* [EXERCISE DETAILS] When you copy the data, keep every word exactly as it is and leave the pictures out.

* [DATA EXTRACT]
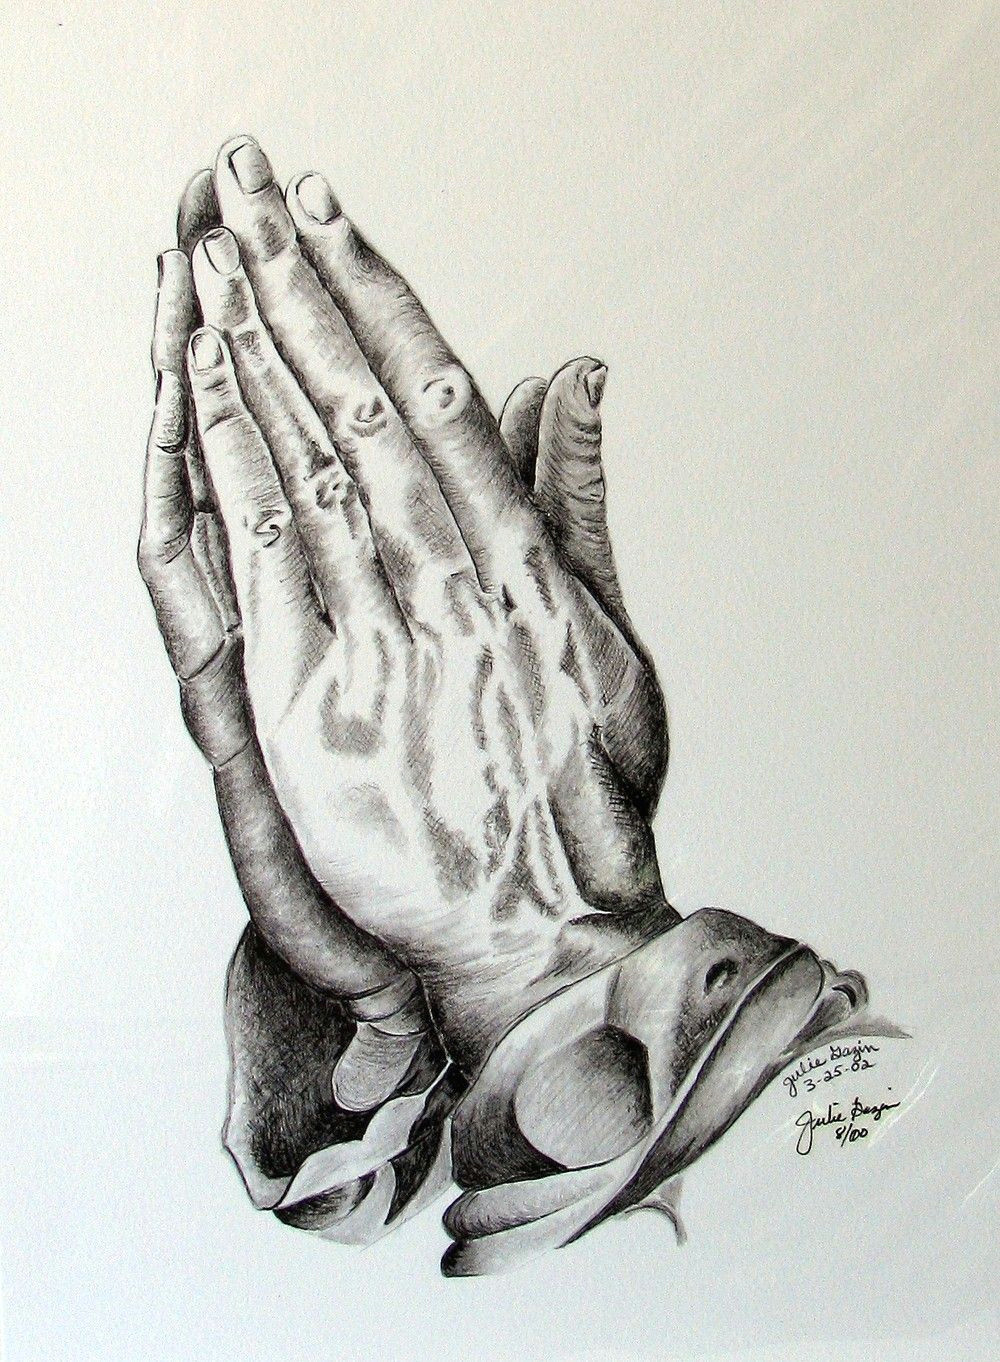 Drawings Of Hands In Prayer Pix for Jesus Praying Hands Drawing Pen and Paper Pinterest
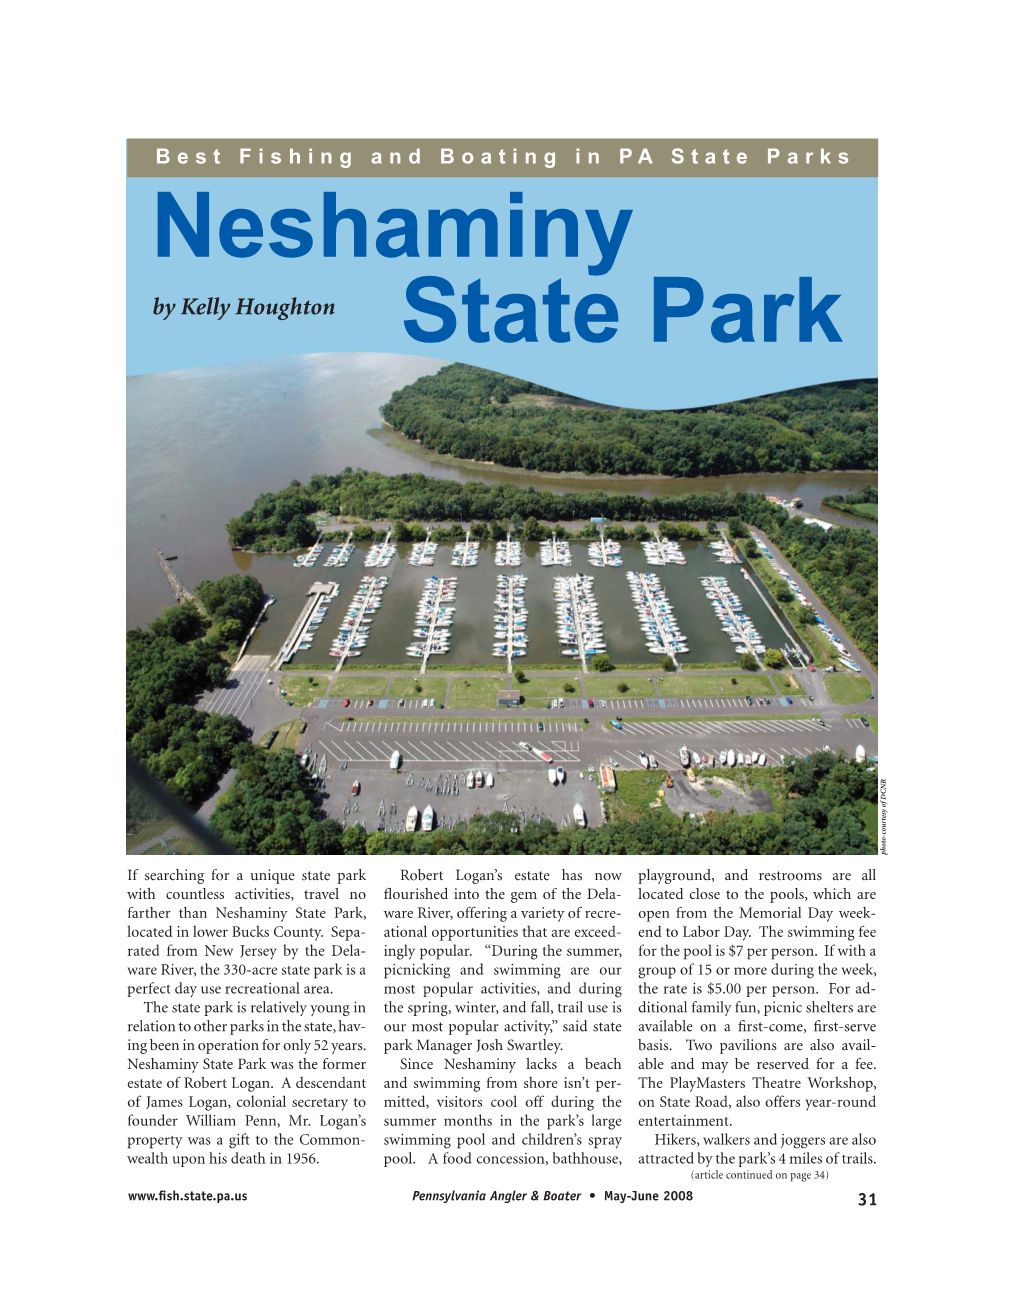 Neshaminy State Park, Ware River, Offering a Variety of Recre- Open from the Memorial Day Week- Located in Lower Bucks County
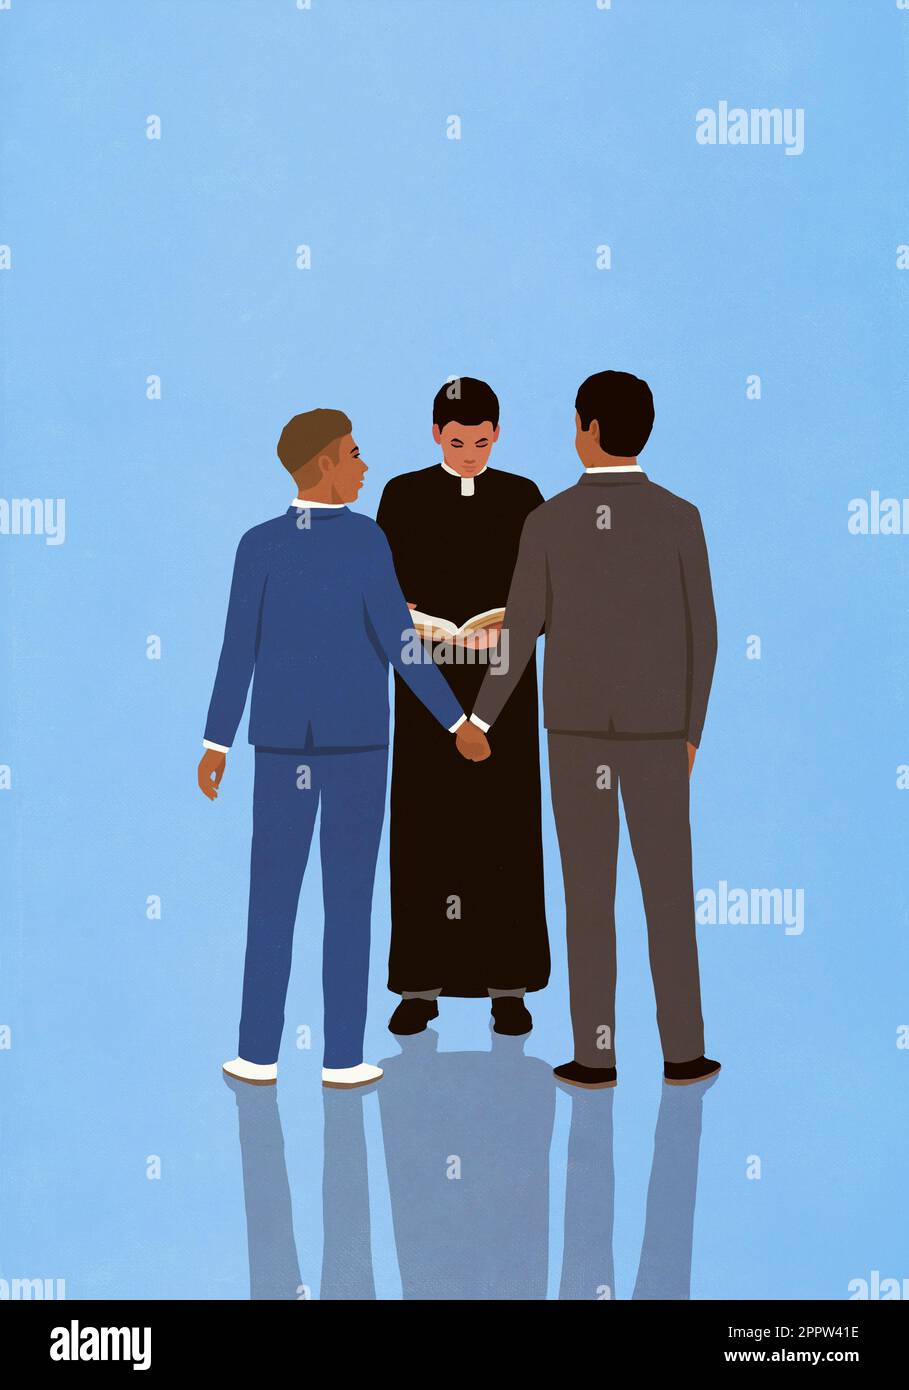 Priest marrying gay male couple holding hands on blue background Stock Photo
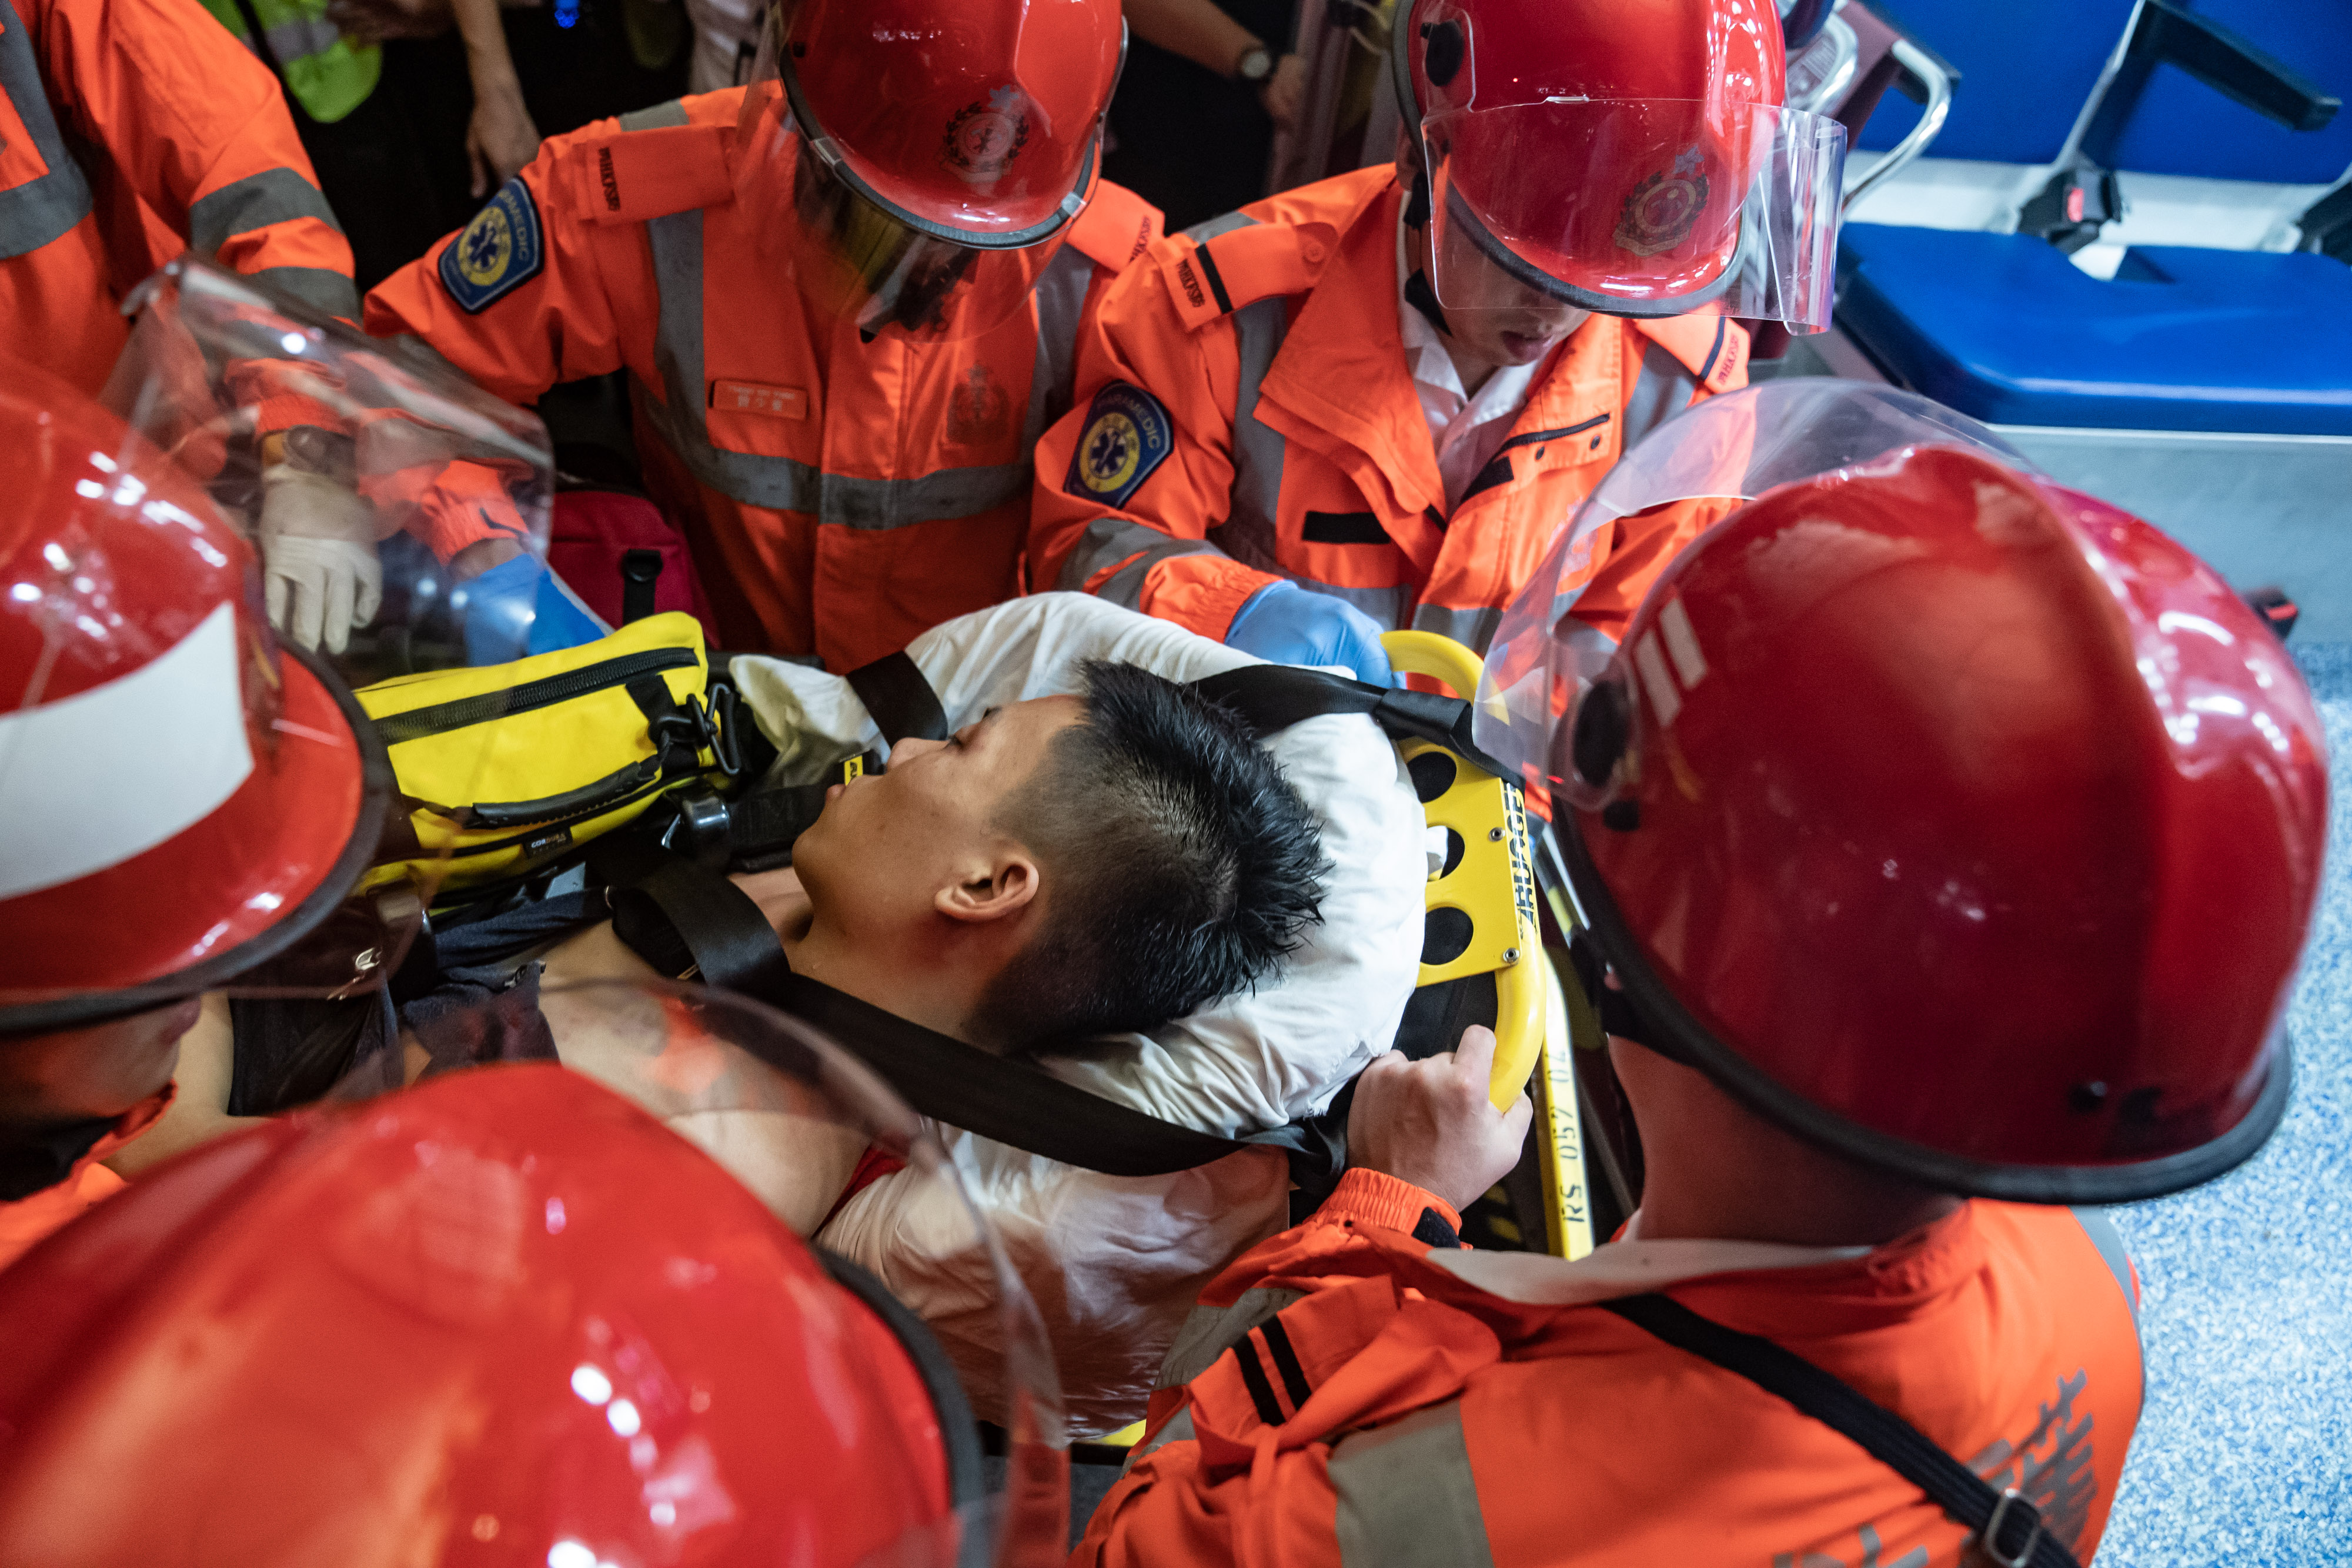 An injured man, who was suspected by protestors of being an undercover police officer, is taken away by paramedics at the Hong Kong International Airport during a demonstration on August 13, 2019.

* [RESPONSE FOR THIS EXERCISE]
 Drawings Of Hands In Prayer Pix for Jesus Praying Hands Drawing Pen and Paper Pinterest
 Neshaminy State Park, Ware River, Offering a Variety of Recre- Open from the Memorial Day Week- Located in Lower Bucks County
 Priest marrying gay male couple holding hands on blue background Stock Photo
 An injured man, who was suspected by protestors of being an undercover police officer, is taken away by paramedics at the Hong Kong International Airport during a demonstration on August 13, 2019.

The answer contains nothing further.